This section provides an overview of issues and questions in Health that preceded and spurred the creation of the Center for Incentive Design.
The healthcare industry has numerous examples of misaligned incentives that create inefficiencies and barriers to access. Further study of Incentive Design can help raise awareness, identify and quantify the effects of misaligned incentives, and offer ways to create better systems.
We don’t train enough doctors in the US. This has little to do with the demand for doctors or the number of students who want to train as doctors, and lots to do with restrictions from the National Residency Matching Program on how many residents can train per year. This program even has an exemption from antitrust laws that support it.
Doctors who are currently in the profession get to decide how many new doctors to allow into the profession. While not necessarily nefarious, this creates perverse incentives. The fewer doctors that enter the profession, the higher the wages of those who already are doctors. Could this protectionist incentive be part of the reason why residency requirements force new trainees to slog through years of long hours and low wages? Or why so few are allowed to match in the first place?
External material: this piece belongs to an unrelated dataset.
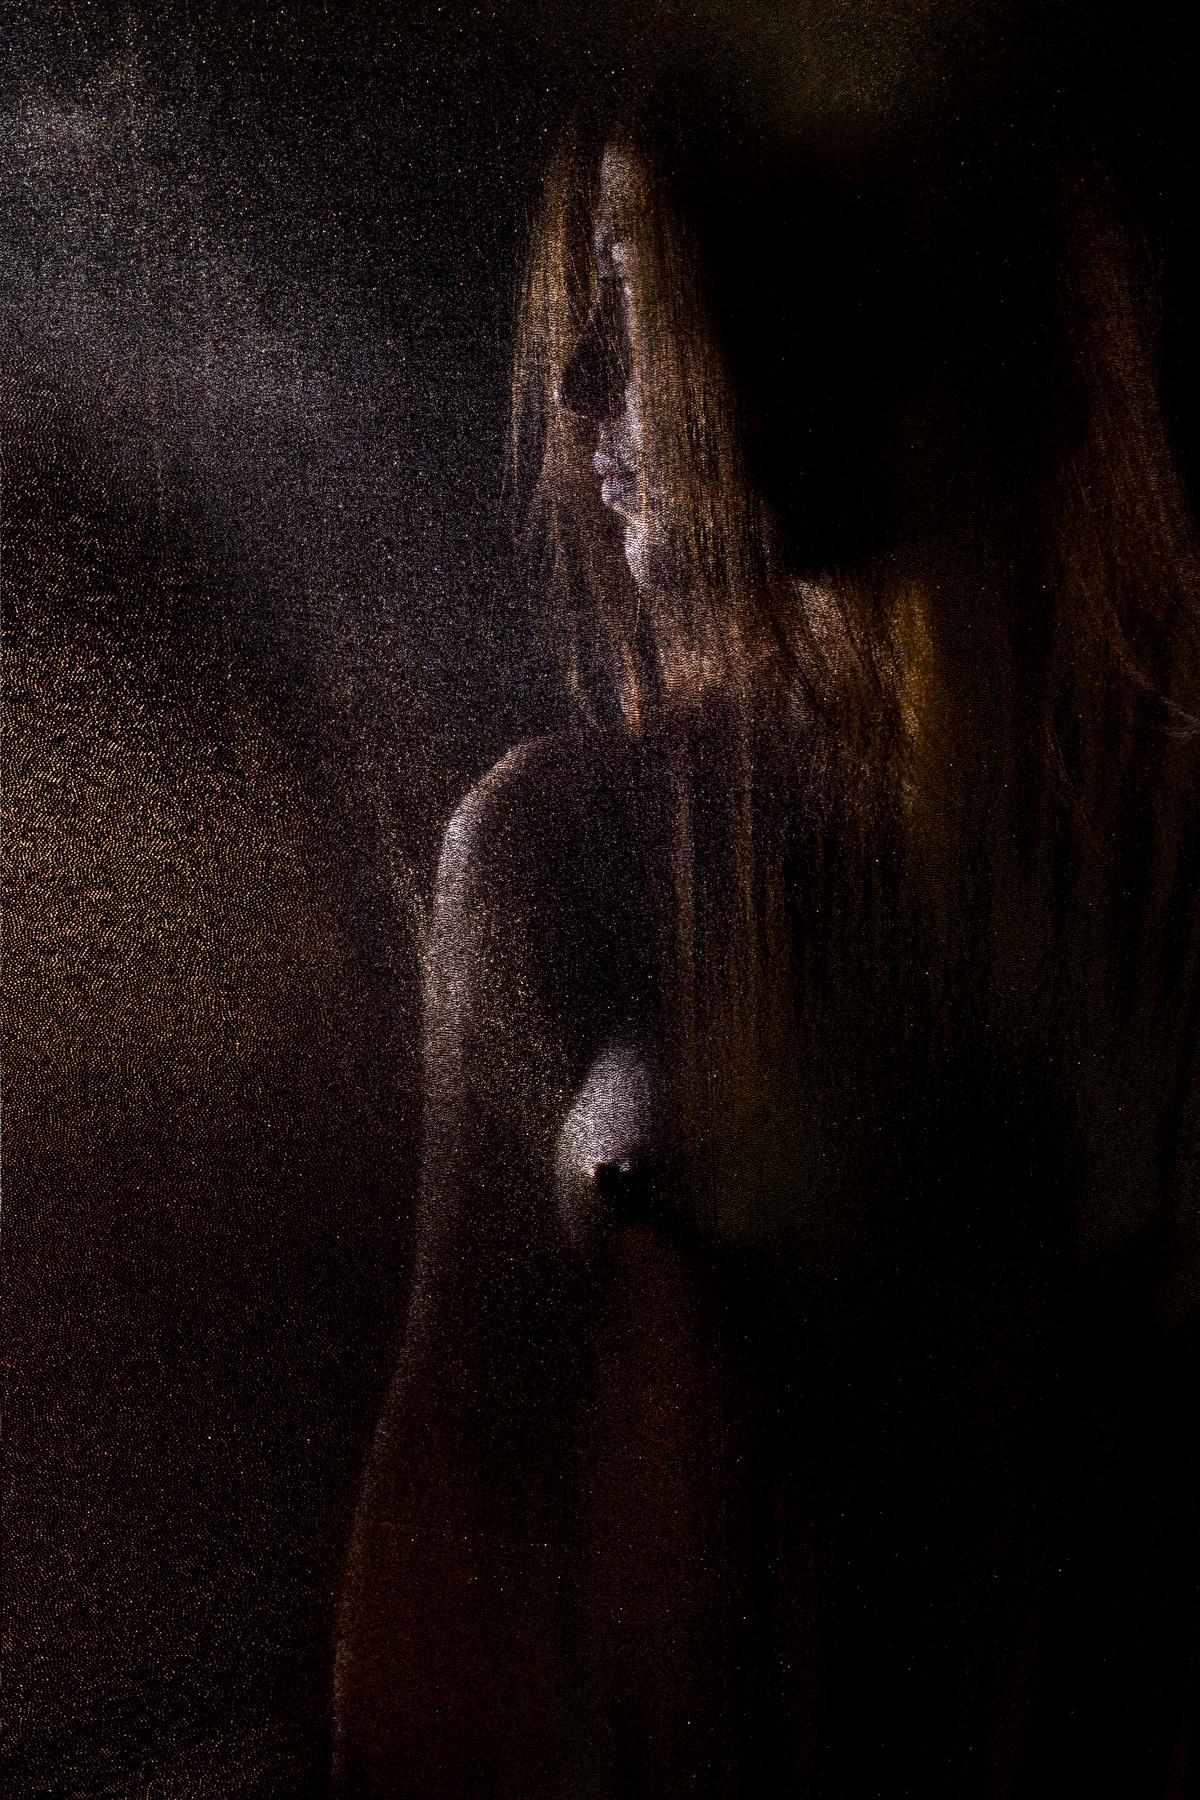 Ursula_Lelen_Beyond Limits_On the Edge_1.jpg

ID can help shine a light on this incentive misalignment issue, understand how it affects behavior, articulate its economic and medical implications, and offer better approaches to ensuring high quality medical training while dissuading protectionist practice.
One of the core problems in healthcare is an agency problem. Though we want everyone to have access to decent healthcare, many can’t afford this on their own. Therefore governments or insurers step in. But this creates a perverse incentive for individuals to over-consume healthcare when someone else is paying.
We use copayments to dissuade this overconsumption, but this fixed fee approach offers little disincentive to wealthy people, while arguably putting too high a barrier for the less well off.
Would it make sense to consider income as a factor in copayments? The Swiss consider income as a factor in calculating speeding tickets; how might a similar approach change the incentives within the US healthcare system?
Doctors often are required to pay a fee of 2.5% to receive electronic payments from insurance companies, who contract with third party providers to run this transaction. No company would stand for self-imposing a 2.5% fee on paying its own employees – and yet our healthcare system enables and incentivizes middlemen to do just that.
Institutional Review Boards (IRBs) that oversee medical research put too much emphasis on liability reduction and don’t adequately consider the risk-to-probability ratio or the potential for human advancement that can come from research. This is outlined in great depth by Simon Whitney in “Oversight to Overkill” and expounded upon here.
How do we leverage better ID study to understand the incentives with which IRBs are operating and help shift the systemic risk / reward profile?
Patients have an incentive to request any test that might potentially be useful (or at least, they don’t have much disincentive as they don’t directly bear the costs). Doctors get compensated for running tests. These incentives together could lead to a systemic overconsumption of testing that’s expensive and drives costs up for everyone. It can also lead to increased stress from false positives — for example, a 7%-12% false positive rate compounded over 10 yearly exams means a woman has a 50% - 70% likelihood to experience at least one false positive. Though insurance companies have some incentive to deny testing, this is not a good long-run solution, as increased costs can just get passed on.